While Gagnon did not expect a winning performance in the downhill, she had hoped to make up lost time in the slalom – her specialty. She was one of at least nine women who crashed or missed gates on the very steep slalom run.
Gagnon was taken away from the slalom hill by ambulance with a dislocated left shoulder. A spokesman for the women's ski team said her shoulder was put back in place almost immediately and that she was not in pain Monday night, local time. Gagnon intends to compete later this week in the technical events - the giant slalom and the slalom.
Mancuso’s bronze brings her Olympic medal tally to four, a record for a woman on the U.S. ski team, though Vonn has more world cup titles, including four overall world cup championships. Vonn was felled before the Olympics by a knee injury, allowing her teammates to shine at Sochi – or not.
While there was no doubt that Mancuso is one of the best skiers on the planet, it was Vonn and her glamorous lifestyle – her boyfriend is Tiger Woods – who utterly dominated the media coverage of the U.S. women’s ski team.

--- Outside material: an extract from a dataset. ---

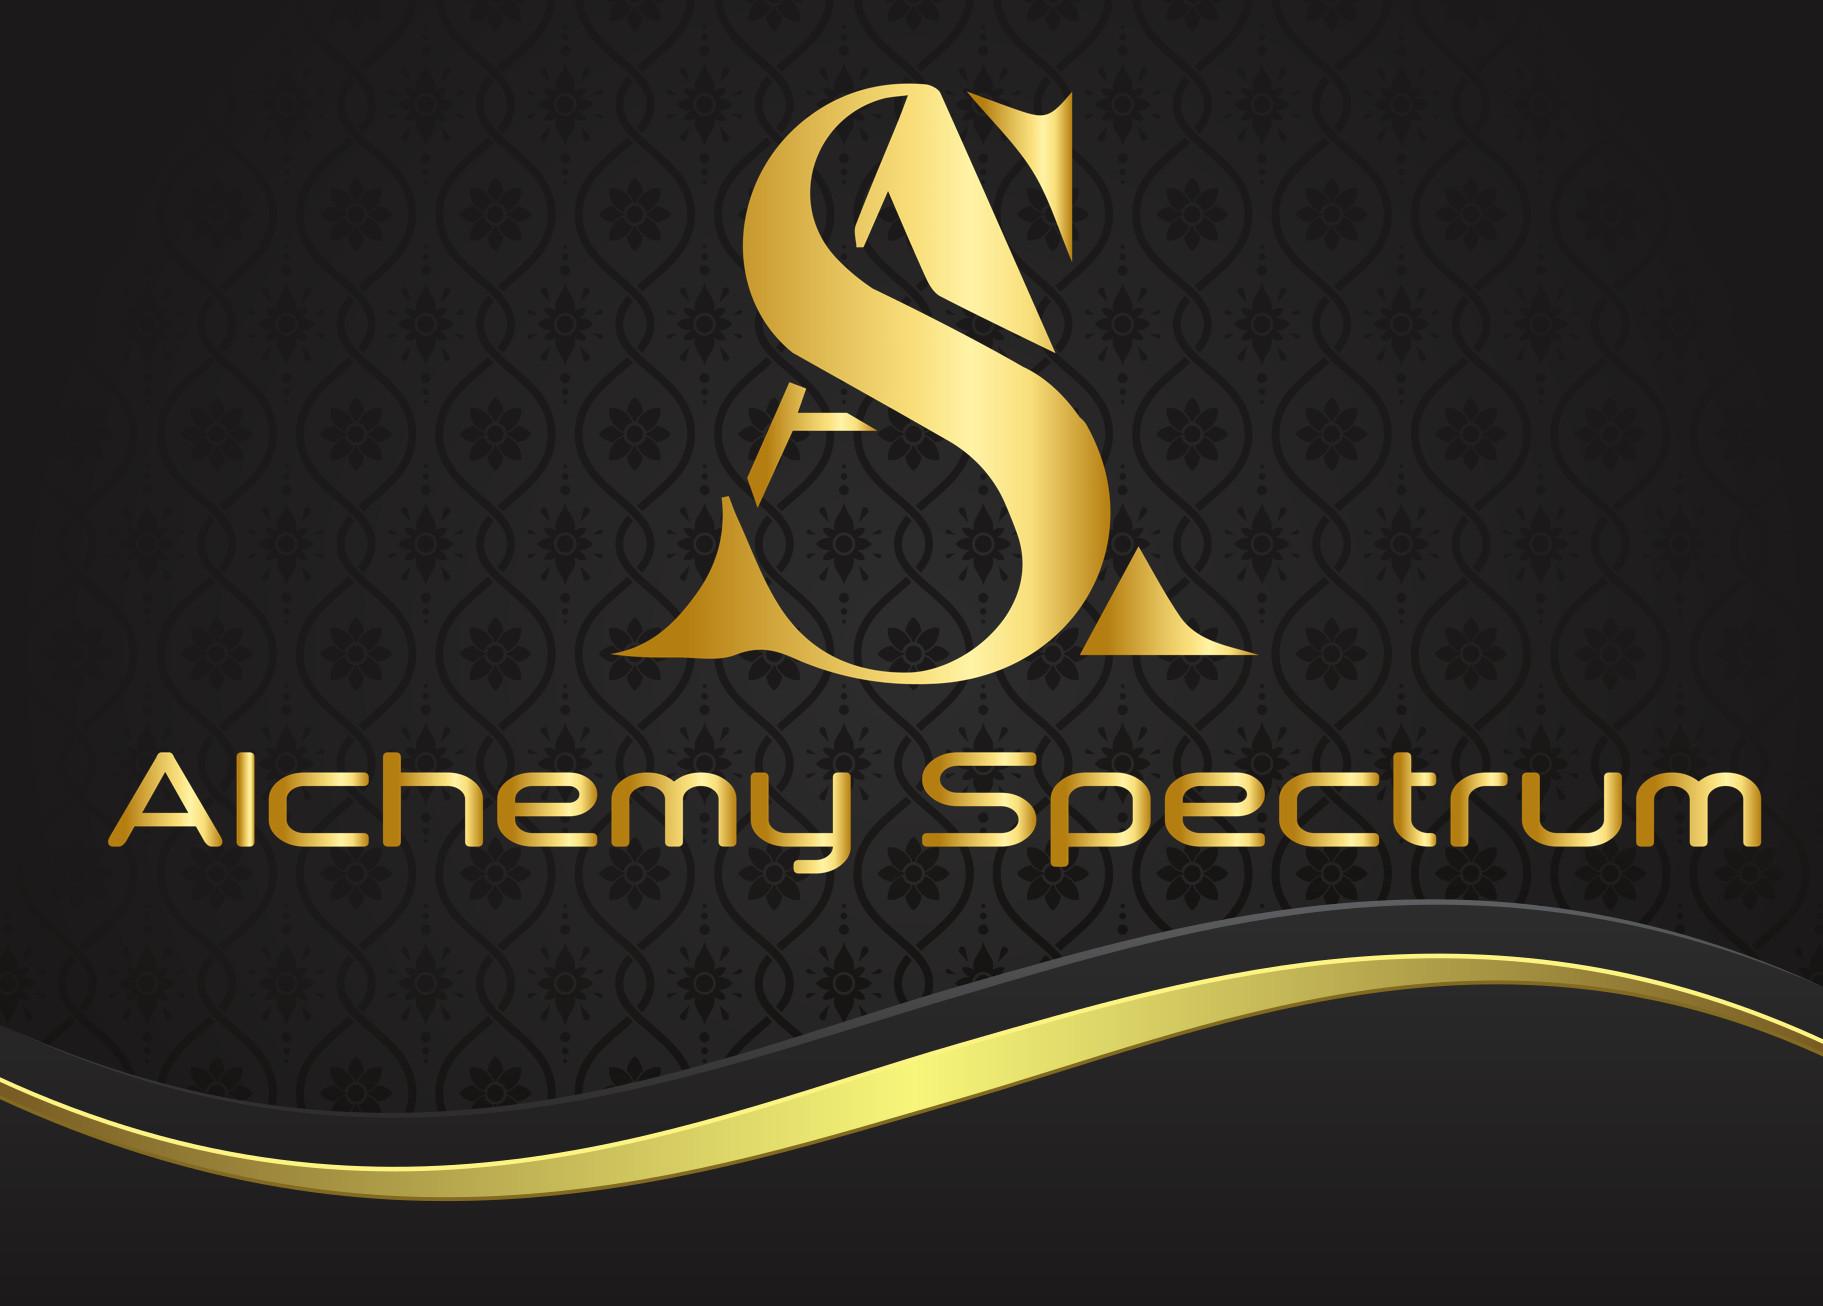 Alchemy Spectrum

With Vonn out of the picture at Sochi – and possibly for the rest of the world cup season – it is Mancuso who has become the media darling and the U.S. team’s best hope for podium finishes in the alpine events. The pressure on her to excel no doubt increased on Sunday, when teammate Bode Miller failed to reach the podium in the downhill, in spite of winning two test runs.
“I feel amazed,” Mancuso said after the race. “It is an unbelievable day. To win another medal is a just a dream come true.”
Mancuso, who is from Reno, Nev., won gold the giant slalom in the Turin Games in 2006 and took silver in both the downhill and the combined in Vancouver in 2010, where Vonn won gold in the downhill.
Vonn’s absence makes her a leading contender for gold in Wednesday’s downhill -- she led the downhill race of the combined by nearly half a second. If she takes gold in the downhill, the question may be: Lindsey who?